Опубликовано в журнале Урал, номер 9, 2010
Саша Лагодинская – в 2007 г. окончила исторический факультет МГУ. Живет в Москве. Публикуется впервые.
Саша Лагодинская
Другая интересная игра
Солнышко умели делать только мальчики. Жене казалось, что и она может, но пока что-то не хотелось. Потому она просто так качалась, правда, очень высоко. Арина немножко помогала, подталкивая сзади, и, наверное, сильно ждала тоже покачаться.
Кроме качелей на площадке всё остальное было скучное. Женя и Арина немного повисели на дереве, погрызли каменные груши и решили пойти играть к гаражам. Там обычно не было никаких людей и часто валялись всякие интересные штуки.
В пыли, возле зелёного гаража с нарисованным кривым волком из “Ну, погоди!”, ползал маленький белобрысый мальчик. Женя неприятно удивилась и крикнула ему. Он повернул чумазое лицо. Арина упёрла руку в левый бок и поддакнула. Мальчик неловко встал, подобрал с земли что-то серенькое, замусоленное и спешно пошел прочь. Девочки сначала обрадовались, что он так легко прогнался, но потом серенькое заплакало по-кошачьи. Женя знала, что такие ничего не понимают в котах, кормят их кузнечиками, купают, иногда раскрашивают фломастерами, потому она побежала. Мальчик оглянулся и тоже побежал, но скоро свалился, поскольку сандалии были расстёгнуты. Арина подоспела как раз, она отцепила котика от свитера и прижала к лицу его пыльный мех. Женя подошла, двумя пальцами подняла треугольный хвостик и сказала, что это самка. Мальчик тем временем встал и уставился на свои коленки, потом посмотрел на девочек вопросительно, будто раньше никогда не падал. Он немного запрокинул голову, решив заплакать прямо тут, но передумал и побежал, а на полпути остановился и крикнул, что всё расскажет папе. Женя и Арина должны были испугаться, но не стали, а напротив, начали зло смеяться. Ведь всё это были враки, нету у него никакого папы, а если и есть, то дурацкий, потому что их пять штук сестёр и братьев разного размера, грязных, белобрысых и, наверное, со вшами.

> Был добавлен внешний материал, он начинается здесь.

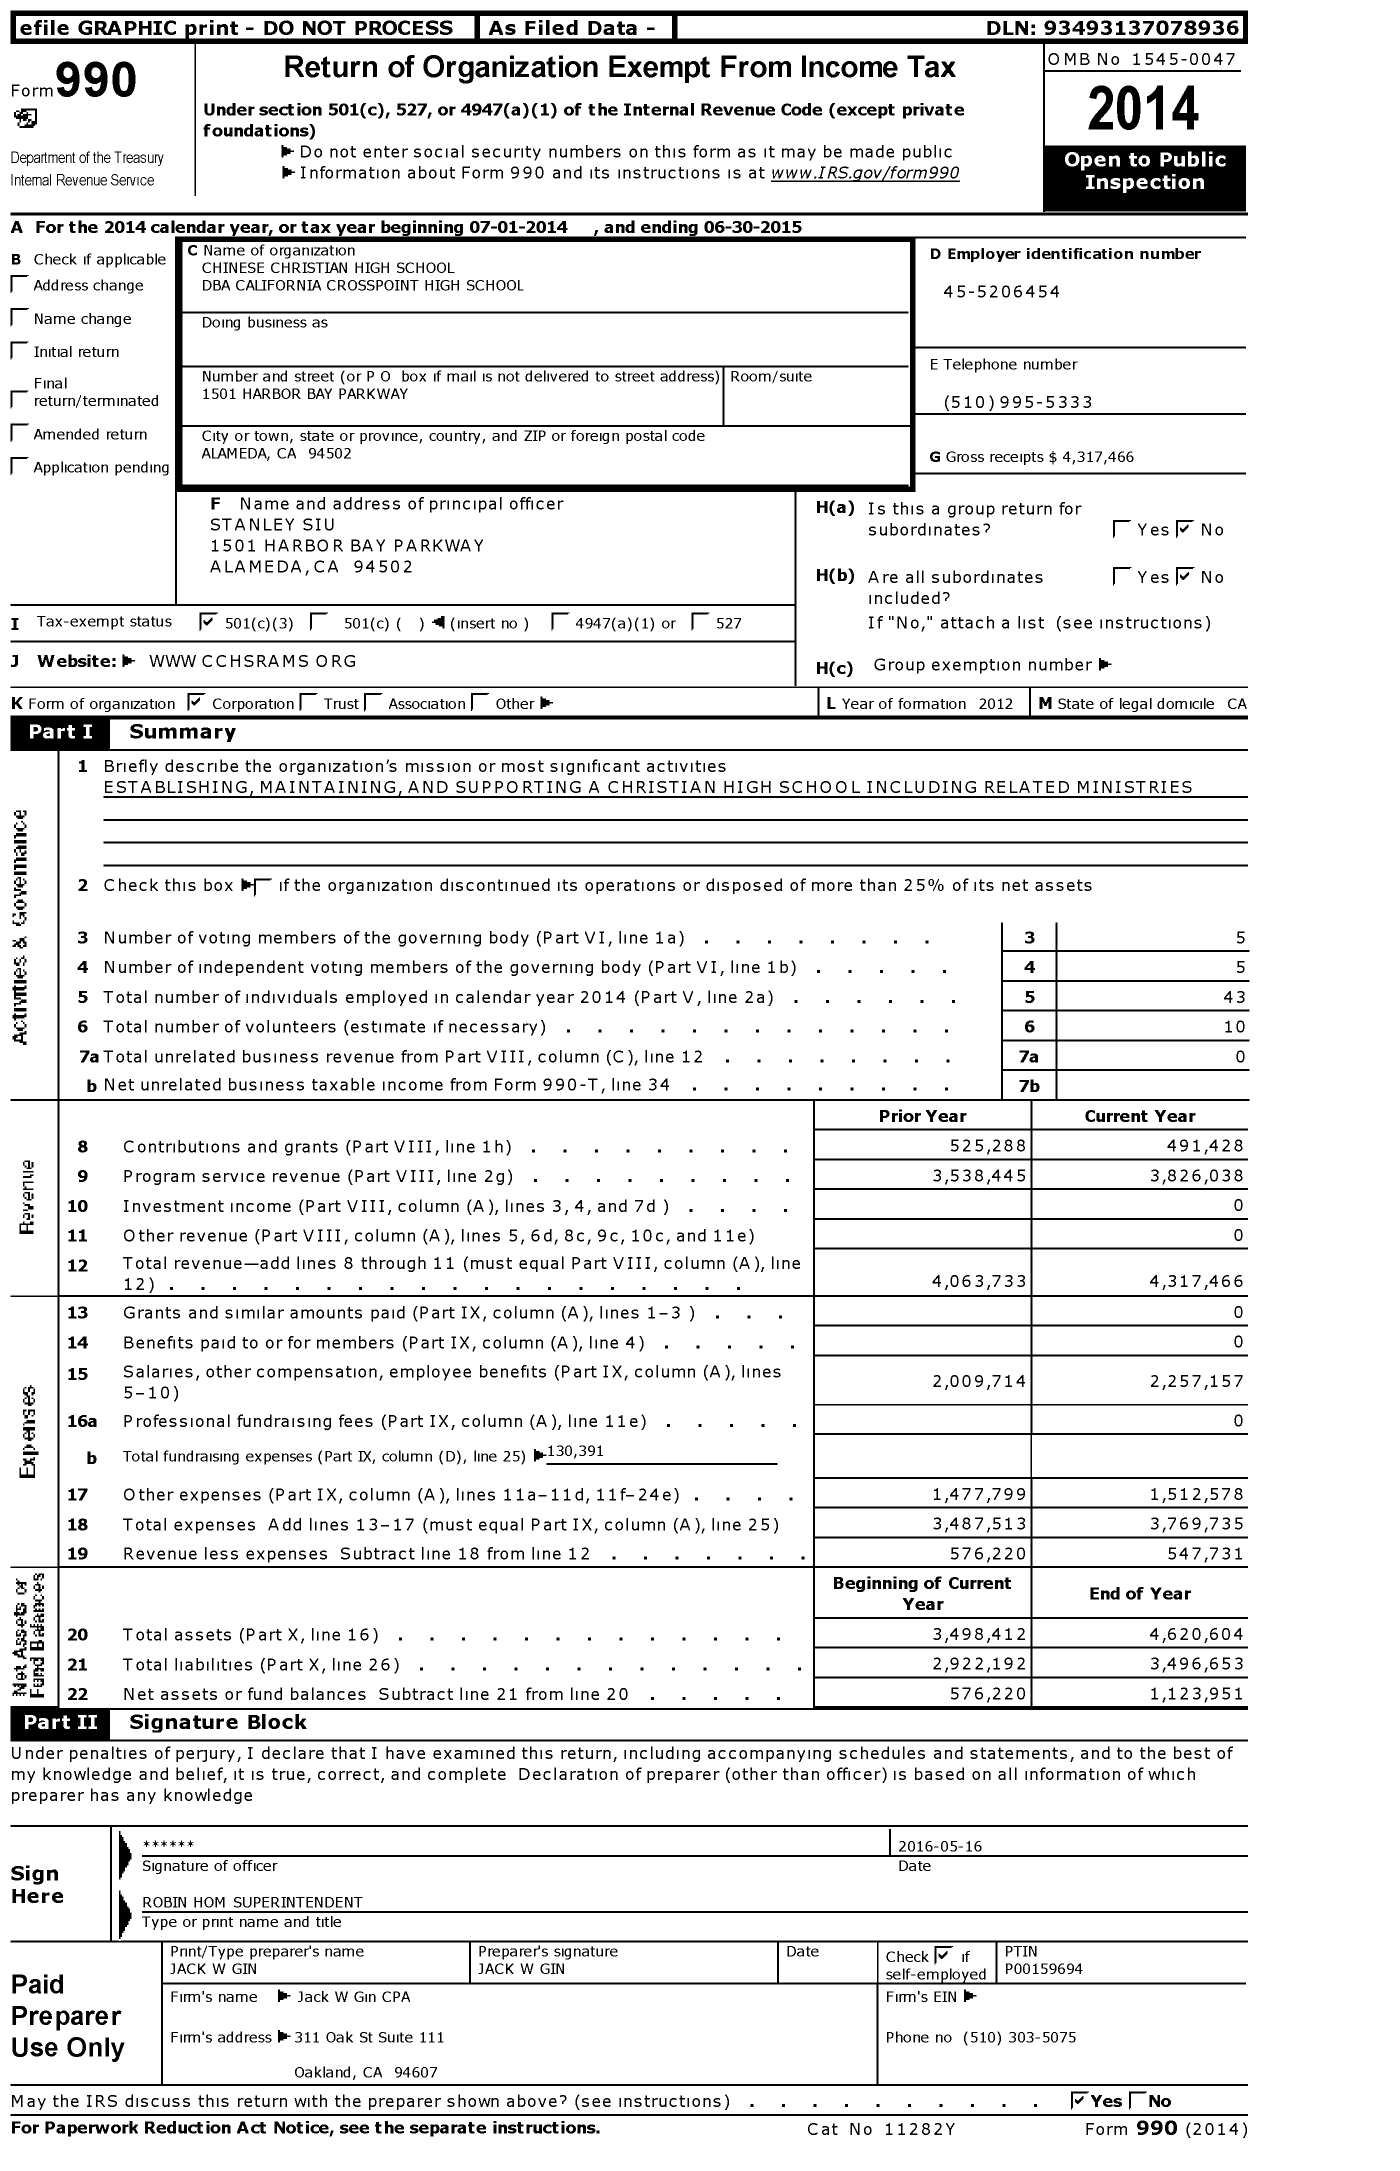 Image of first page of 2014 Form 990 for California Crosspoint High School California Crosspoint Academy (CCHS)

На крыше гаража рос древний мох, а в сдутом футбольном мяче завелись личинки комара. Котёнок, укрывшись кленовым листом, спал, как игрушечный. Арина трогала щепкой длинные волосы в его ухе, и от этого оно смешно дёргалось. Всюду валялись ржавые буквы “Ша”. Они умели хорошо летать, потому Женя собирала их в стопочку, вытирая прямо о штаны. Потом внизу кто-то пришел. Девочки, стараясь не греметь крышами, замерли и переглянулись. Но жесть просела и гулко стукнула. “Там они!” – закричал знакомый голос. “Ща получат”, – ответил незнакомый. Прятаться стало бесполезно. Арина сунула кота под рубашку, и обе они метнулись к тому месту, где не больно прыгать.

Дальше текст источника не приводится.